Subscribe to the Non-Human & AI Identity Journal

What breaks when organisations rely on voice or video to verify executives?

Voice and video verification break when the organisation treats them as proof rather than as one signal among many. Synthetic audio and video can now reproduce familiar cues convincingly enough to pass informal checks. That creates a false sense of certainty unless teams require secondary validation, especially for payments, role changes, and other high-impact requests.
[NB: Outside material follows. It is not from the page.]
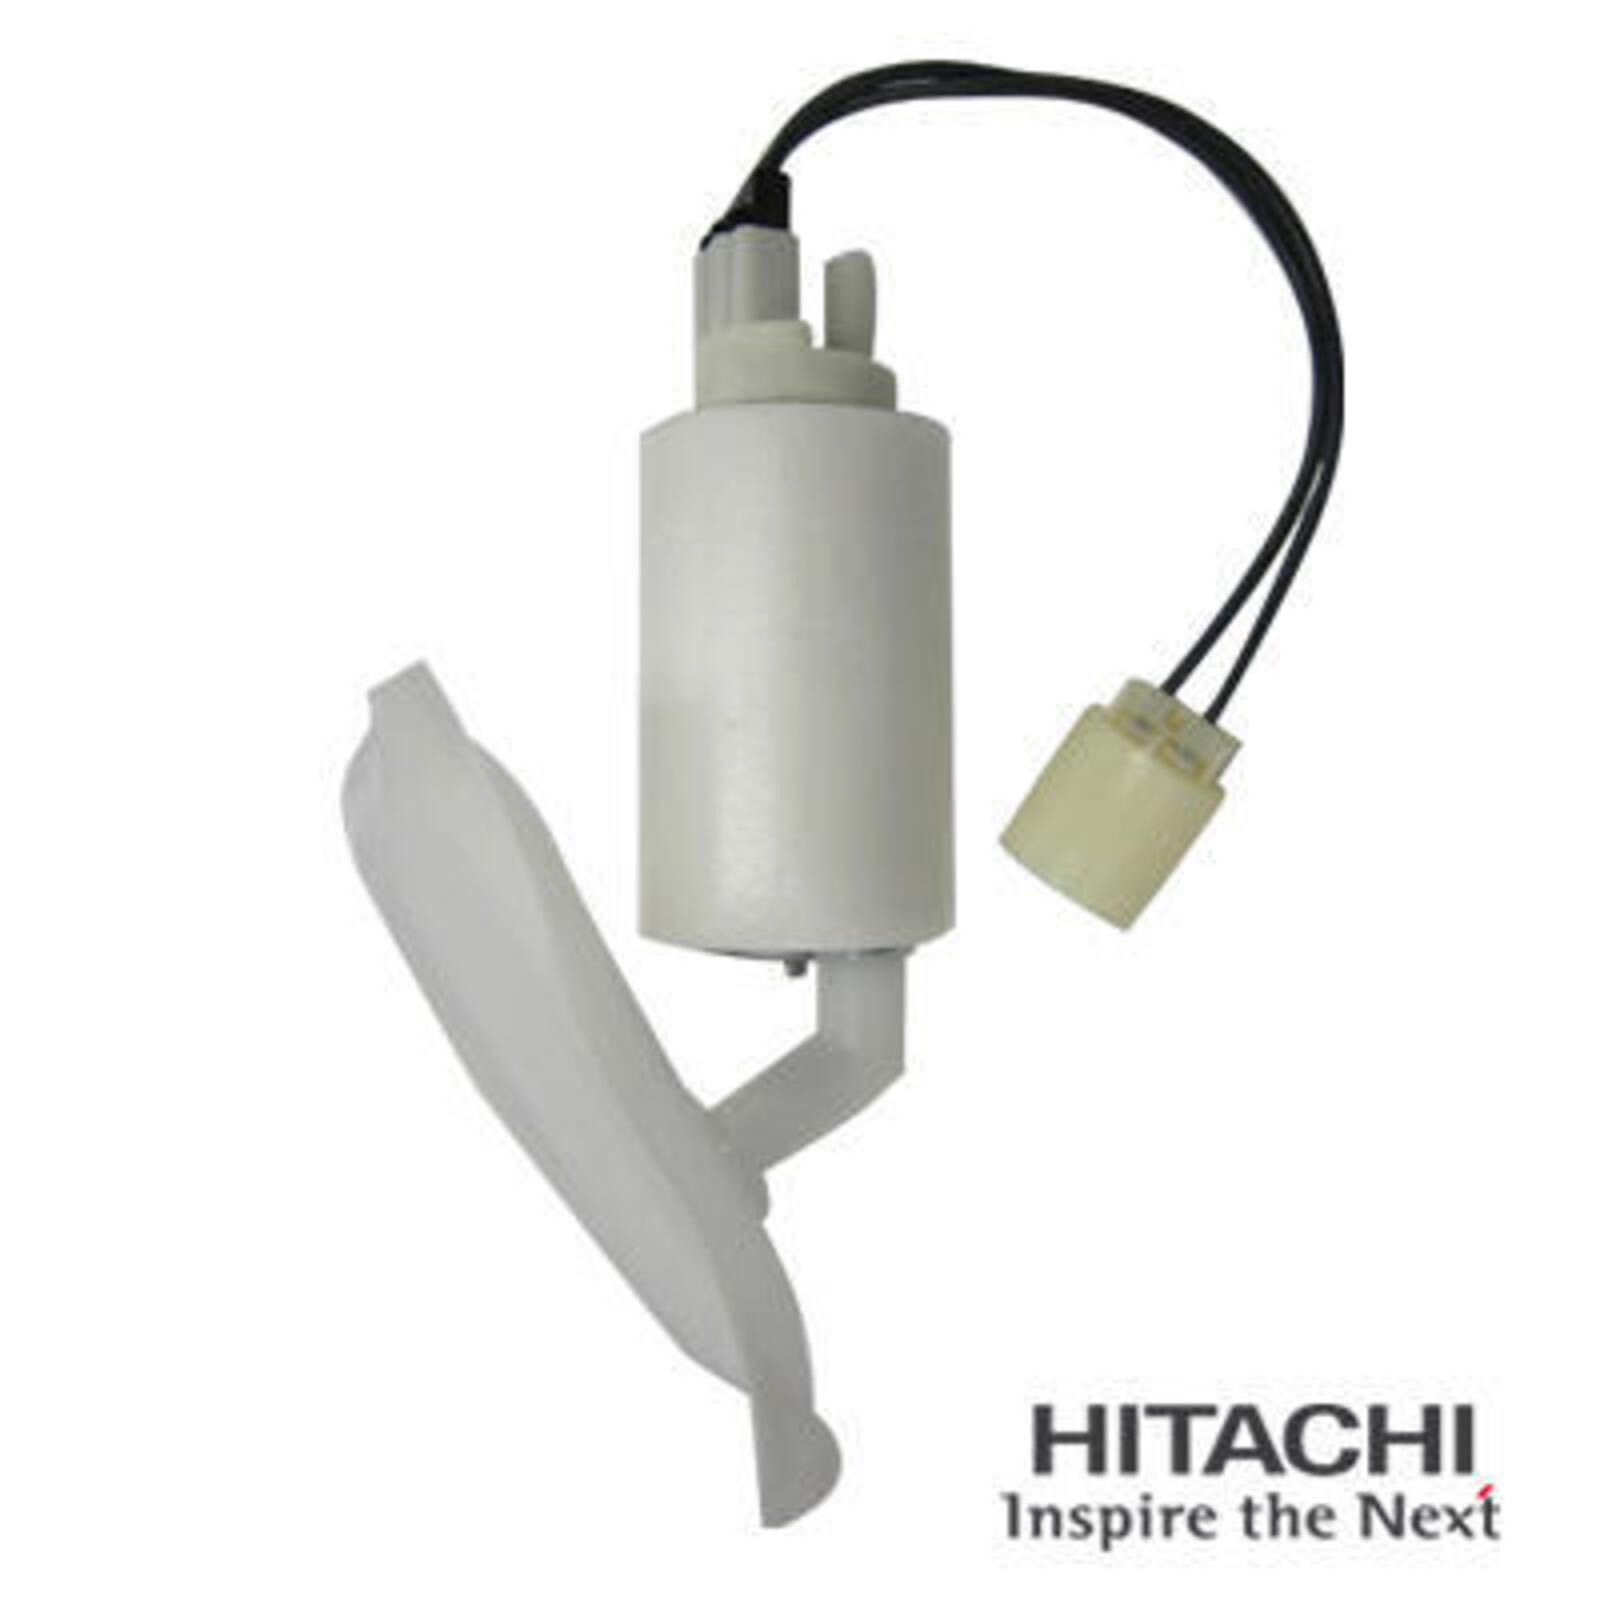 HITACHI Fuel Pump Original Spare Part

Why This Matters for Security Teams

Verifying an executive by voice or video feels familiar, but familiarity is not assurance. Synthetic media now makes it possible to imitate tone, cadence, facial movement, and urgency well enough to defeat informal human checks. That matters because the request often arrives with authority bias already built in: an urgent payment, a payroll change, a vendor bank update, or a request to bypass normal approvals. The control failure is not that voice and video are useless signals, but that they are often treated as identity proof rather than one weak input among many. Current guidance from NIST SP 800-207 Zero Trust Architecture is clear that trust should be continually evaluated, not assumed from a single interaction. That aligns with NHIMG research showing how identity compromise becomes operationally expensive once teams rely on convenience checks instead of governance, especially in environments where secrets and identity sprawl are already widespread. For broader NHI context, see Ultimate Guide to NHIs. In practice, many security teams encounter voice or video fraud only after a payment exception has already been approved, rather than through intentional control testing.

How It Works in Practice

The safest operating model is to treat voice or video as a low-confidence signal and require an independent verification path for any high-impact action. That usually means a callback to a known number, approval through a separate authenticated system, or dual control with an out-of-band confirmation. For executives, the verification channel should be tied to a pre-registered identity record, not to the live media session itself. Where possible, organisations should combine process controls with cryptographic or system-based checks, because voice and video are easy to imitate but harder to bind to a managed identity lifecycle.

Practical patterns include:

  • Use voice or video only to initiate a request, never to complete an exception by itself.
  • Require a second channel for any payment, treasury, HR, or privilege change.
  • Enforce step-up approval for requests that override segregation of duties.
  • Log the request, the verifier, the channel, and the approval rationale for later review.
  • Train staff to treat urgency, secrecy, and account-change pressure as red flags.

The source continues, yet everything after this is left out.